How to Import Tabular, Plain-Text Data Files

rstats workflow tutorial

Learn how to import (and export) various tabular data file formats such as CSV, TXT, and XLSX using a range of packages such as {utils}, {vroom}, {readr}, {data.table}, {readxl}, and {rio}. The article also includes best practices when specifying paths and a quick discussion on handling R specific formats such as RDS and Rdata.

Cedric Scherer https://cedricscherer.com (IZW Berlin)https://ecodynizw.github.io/
2023-12-07

There is one essential step to make use of the power of the R programming language to wrangle, analyze, visualize, and communicate our data: getting the data into R. In this blog post, we will show you multiple approaches for various tabular, plain-text file formats. Note that this blog post is focusing on tabular data — if you need to import spatial data files, have a look here.

File Paths

In this blog post, we will make use of files stored remotely but all the workflows would be the same if the file is placed in a local directory. There are multiple ways how to specify the path to a local file:

Absolute Paths: Start from the Root Directory

Relative Paths: Start from the Working Directory

R Projects

To simplify your life, make use of R projects. The .Rproj file can be used as a shortcut for opening the project directly from the filesystem with the working directory set to that path. This way, you do not need to set the working directory manually (which again can cause issues on different machines, systems etc.).

{here} Package

When you are working with nested directories and especially notebook formats such as Rmarkdown or Quarto, the {here} package is helpful to make sure that the same working directory is used, no matter if you run the code locally or if you render a notebook that is placed in a subfolder. Read more about the {here} package here.

Data Import

For the showcase of different I/O packages we use data on deforestation provided by OurWorldInData which is hosted on the TidyTuesday repository:

path_to_data <- "https://raw.githubusercontent.com/rfordatascience/tidytuesday/master/data/2021/2021-04-06/forest.csv"

Usually, you can specify the symbols used as separators (indicating columns), for quotation marks, for decimal points and more.

If the file would be stored locally, a relative path coudl look like this:

path_to_data <- "./data/raw/forest.csv"
path_to_data <- "data/raw/forest.csv"

## with the {here} package
path_to_data <- here::here("data", "raw", "forest.csv")

{utils} aka “base R”

The read.*() functions from the {utils} package return data frames.

read.table() is a generic function that can be used for all kinds of tabular data formats; read.csv() is a short-hand wrapper that calls read.delim() with sensible defaults for CSV files.

dat <- read.table(path_to_data, sep = ",", quote = "\"'", dec = ".")
dat <- read.csv(path_to_data)

Often (as in this case) we have column names that should be used. We can indicate that we want to use those variable names instead by setting header = TRUE:

dat <- read.csv(path_to_data, header = TRUE)
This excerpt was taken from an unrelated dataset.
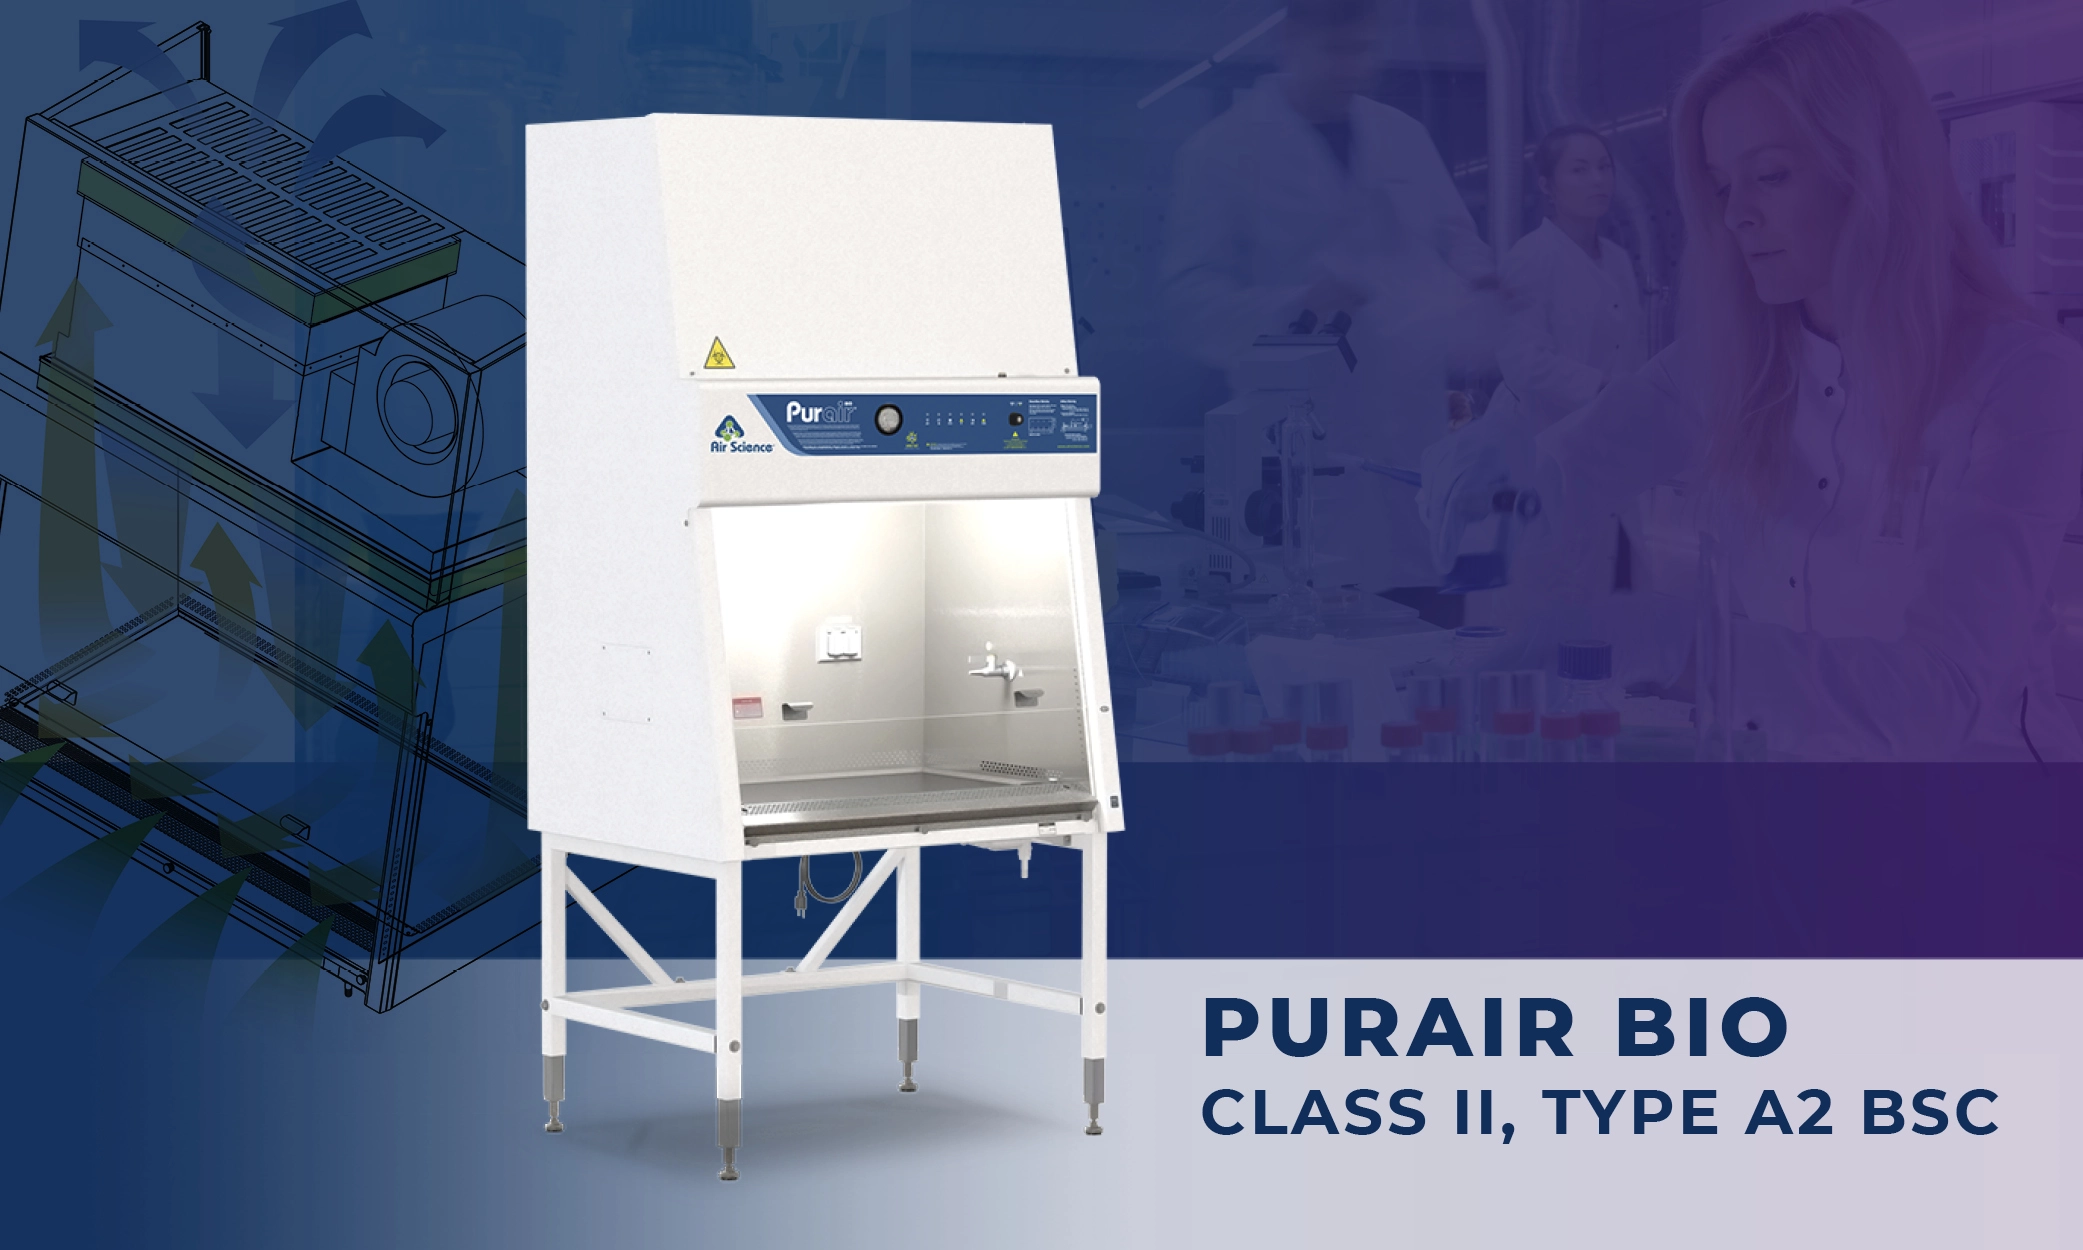 What’s the Difference Between Class II, Type A2 and B2 Biosafety Cabinets?

If you have “German” CSV files which use a semicolon as column separator (so strictly speaking no CSV files at all) and a , as decimal separator, you can use read.csv2() which uses sep = ";" and dec = "," as the defaults. There are also shorthand wrappers for tab-separated data formats (delimited files) named read.delim() and read.delim2().

You can directly specify the column types by passing a vector that contains the classes for all columns:

dat <- 
  read.csv(
    path_to_data, header = TRUE, 
    colClasses = c(code = "factor", year = "factor")
)

If you want to inspect your data, you can use the nrows argument to specify the maximum number of rows to import. If the file contains any rows that should be skipped before reading the data (often the case if the file contains also meta data as in governmental data or NetLogo outputs), you can specify the number of rows to skip via skip.

dat <- read.csv(path_to_data, nrows = 5, skip = 3)

Another argument you might commonly see is stringsAsFactors. As of version 4.0.0, the default behaviour has changed; R treats strings in data frames as strings rather than factors now. You can activate that functionality by setting stringsAsFactors = TRUE but this is usually not advised. Ig is likely better to specify factor columns via the colClasses argument or to convert them at a later point.

{vroom} and {readr}

The vroom() function from the {vroom} package and the read_*() functions from the {readr} package return tibbles (the “modern data frames” used within the tidyverse). They work mostly the same as the read.*() functions but are meant to be faster and come with several additional options to control imports. The {readr} functions call vroom() so they behave exactly the same (and might be merged into a single package at some point).

dat <- vroom::vroom(path_to_data)
dat <- readr::read_delim(path_to_data, delim = ",")
dat <- readr::read_csv(path_to_data)

There are shorthand wrappers for different file formats including:

Again, one can control the column types in the same step. vroom() and read_*() functions allow to specify the types via the col_*() functions which allow for additional arguments or as a very compact combination of shortcuts. The shortcuts are representing columns of type character c, double d, factor f, logical l, integer i, and date D.

library(vroom)

## specify types for certain columns
dat <- 
  vroom(path_to_data, col_types = cols(
    code = col_factor(), 
    year = col_factor(levels = c("1990", "2000", "2010", "2015"))
  ))

## specify types as shortcuts for all columns
dat <- vroom(path_to_data, col_types = "cffi")

{data.table}

The {data.table} package offers a “fast read” function that is especially recommended when working with large files with many rows.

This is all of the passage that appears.